Le gouvernement Couillard a décidé de couper les vivres à la Table maricole du Québec. Alors que l’industrie de la mariculture encaisse les coups durs, peine à financer son développement et à assurer sa croissance, la décision de Québec lance à n’en point douter, un bien mauvais signal pour l’avenir.

La décision gouvernementale est d’autant plus difficile à comprendre que Québec ne finance cette table de concertation, à hauteur de 85 000$ par année, que depuis trois ans. L’objectif de la Table consistait à regrouper des représentants des mariculteurs avec les divers intervenants de la filière, dont le ministère des Pêcheries, le MPO, Merinov et l’AQIP, autour d’un plan de développement stratégique commun destiné à créer un environnement d’affaires favorisant la croissance de l’industrie. Il faut aussi rappeler que dans sa Stratégie maritime, lancée en juin 2015, Québec promet d’appuyer un «développement maricole ordonné et responsable». Cela semble être très précisément ce que cherchait à faire aussi la Table maricole.

La concertation

Ce n’est évidemment pas parce que ses objectifs sont louables qu’un organisme peut réclamer comme un droit du financement gouvernemental de fonctionnement. Aussi, après trois ans d’opération, il eut été intéressant de dresser un bilan des activités de la Table maricole. Si nous posons l’hypothèse que le gouvernement jugeait son action inefficace ou redondante, ou même que ses résultats n’étaient pas à la hauteur, il aurait été utile d’en faire part aux divers intervenants de l’industrie et aux contribuables. Le gouvernement ne verse jamais de contribution financière sans demander une reddition de comptes. Si le bilan de la Table maricole est à ce point négatif qu’il faillait l’abolir, pourquoi le gouvernement ne l’affirme-t-il pas d’emblée ?

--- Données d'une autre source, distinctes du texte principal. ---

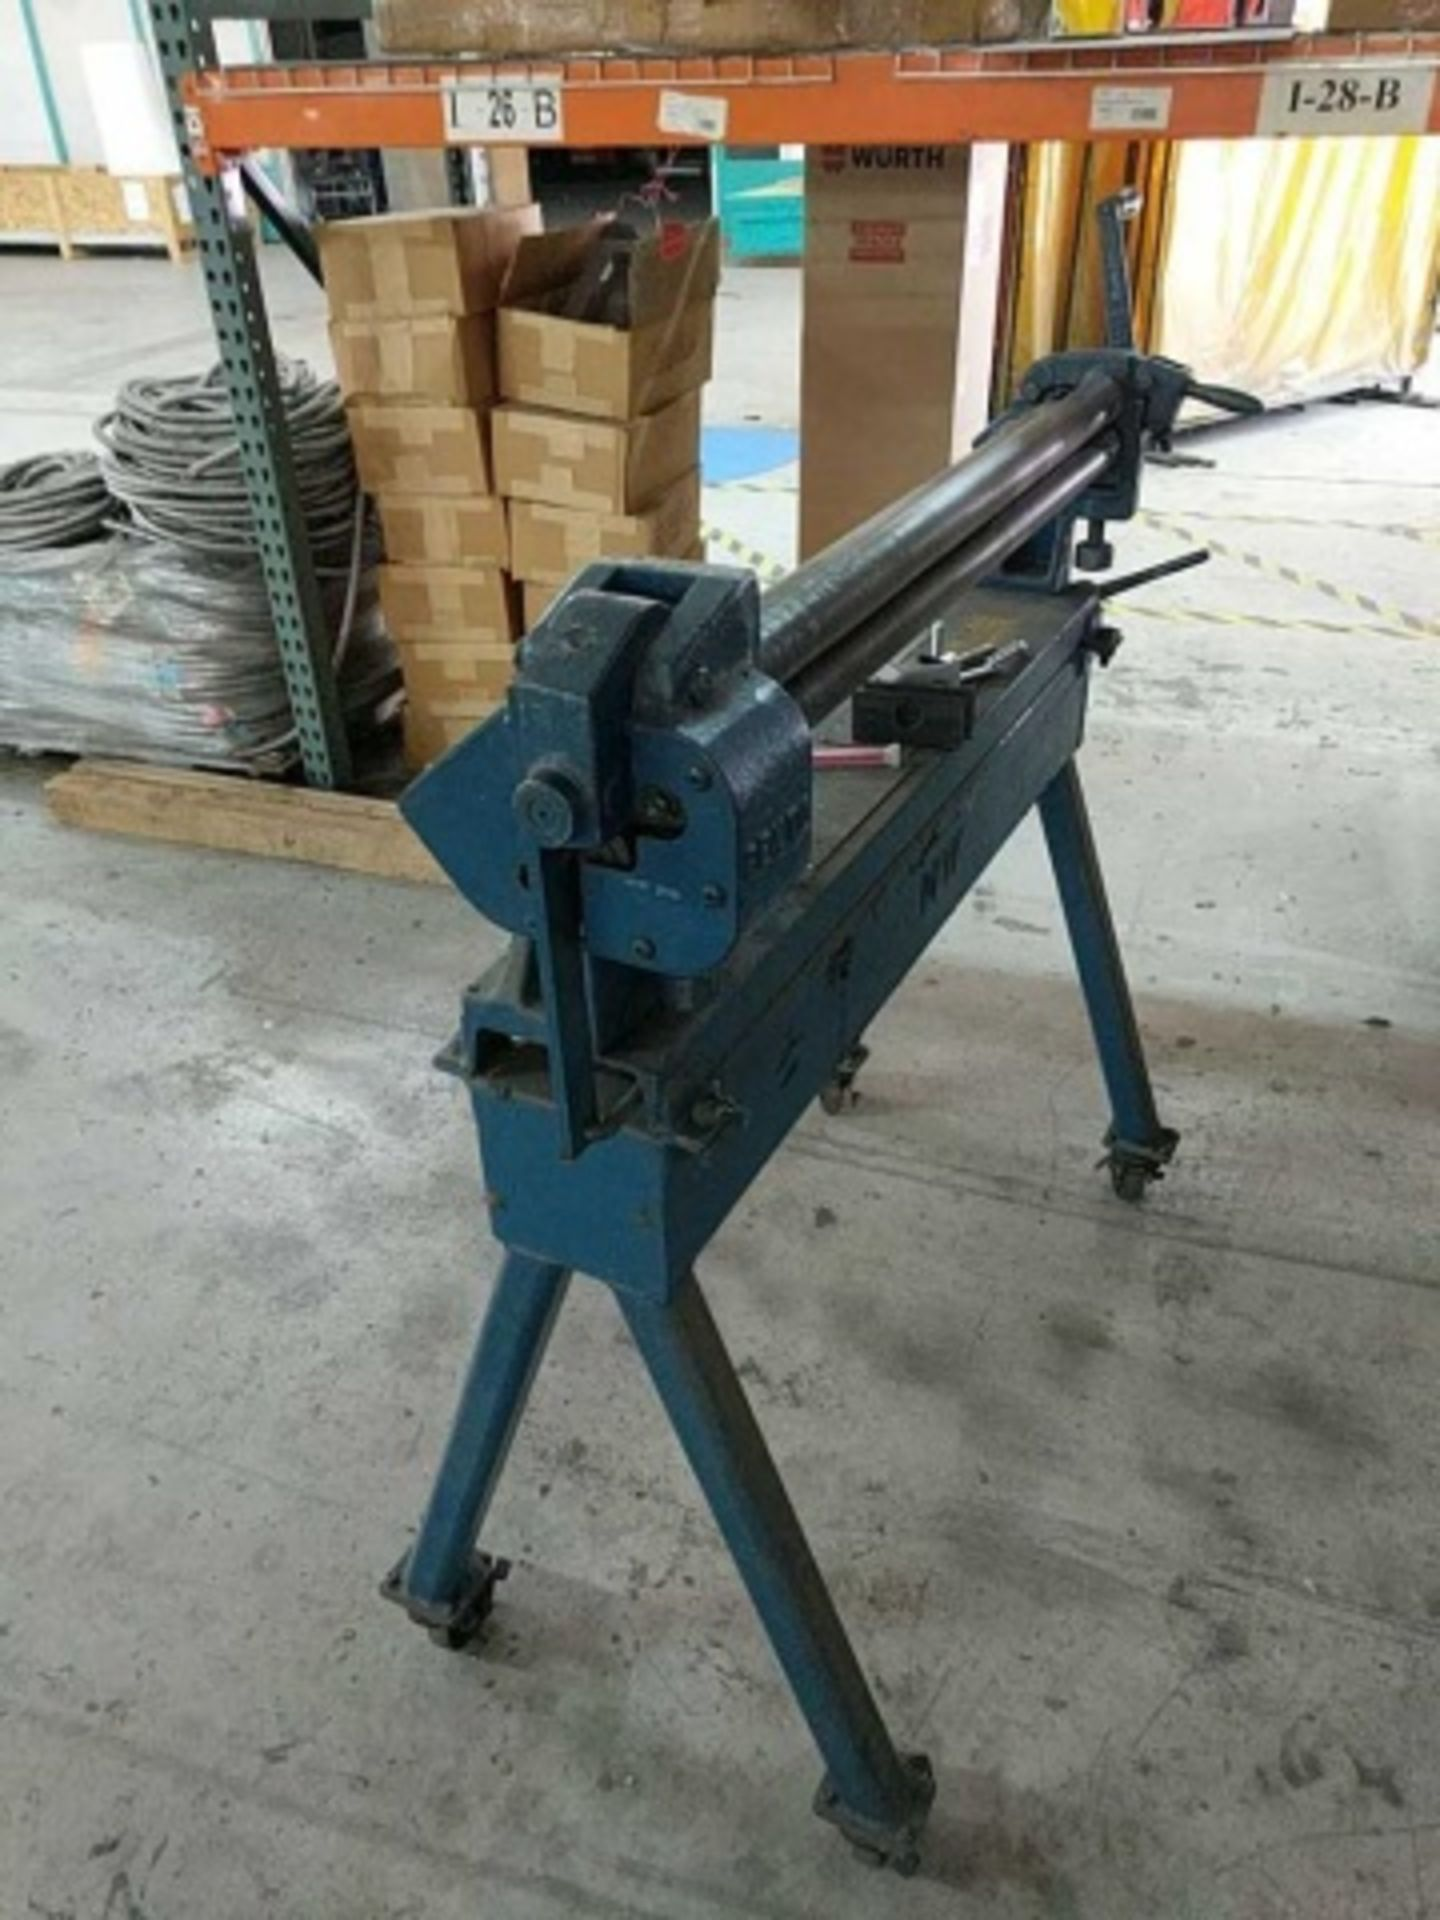 Pexto 381-D Bench Slip Roll Machine - Image 3 of 4

Or, pour justifier la décision du gouvernement, le député des Îles et adjoint parlementaire aux pêches, Germain Chevarie, parle plutôt d’un exercice d’optimisation des programmes de financement du ministère de l’Agriculture, des Pêcheries et de l’Alimentation. En d’autres mots, la Table maricole devient la plus récente victime des compressions gouvernementales. En contrepartie, le député promet que le soutien au Regroupement des mariculteurs du Québec (RMQ), dont ce dernier est sans nouvelle depuis décembre dernier, sera rehaussé substantiellement. Aux yeux du député, le Regroupement peut très bien défendre les intérêts de ses membres et prendre en charge la concertation sectorielle. Le problème avec cette approche, c’est que la défense d’un intérêt particulier représente précisément l’obstacle principal au principe d’une concertation efficace où l’intérêt collectif des diverses parties doit prédominer.

Déshabiller Saint-Pierre

Le député Chevarie en a aussi profité pour expliquer qu’une partie des sommes ainsi épargnées seraient réallouées à d’autres organisations, dont le Bon goût frais des Îles et l’Association des chasseurs de phoques des Îles. Le moins que l’on puisse dire, c’est que cela en dit long sur la confiance que porte le gouvernement envers l’industrie maricole. Ces deux organisations ont certes besoin du soutien gouvernemental, mais cette idée de déshabiller Saint-Pierre pour habiller Saint-Paul constitue une sorte de désaveu public tristement révélateur.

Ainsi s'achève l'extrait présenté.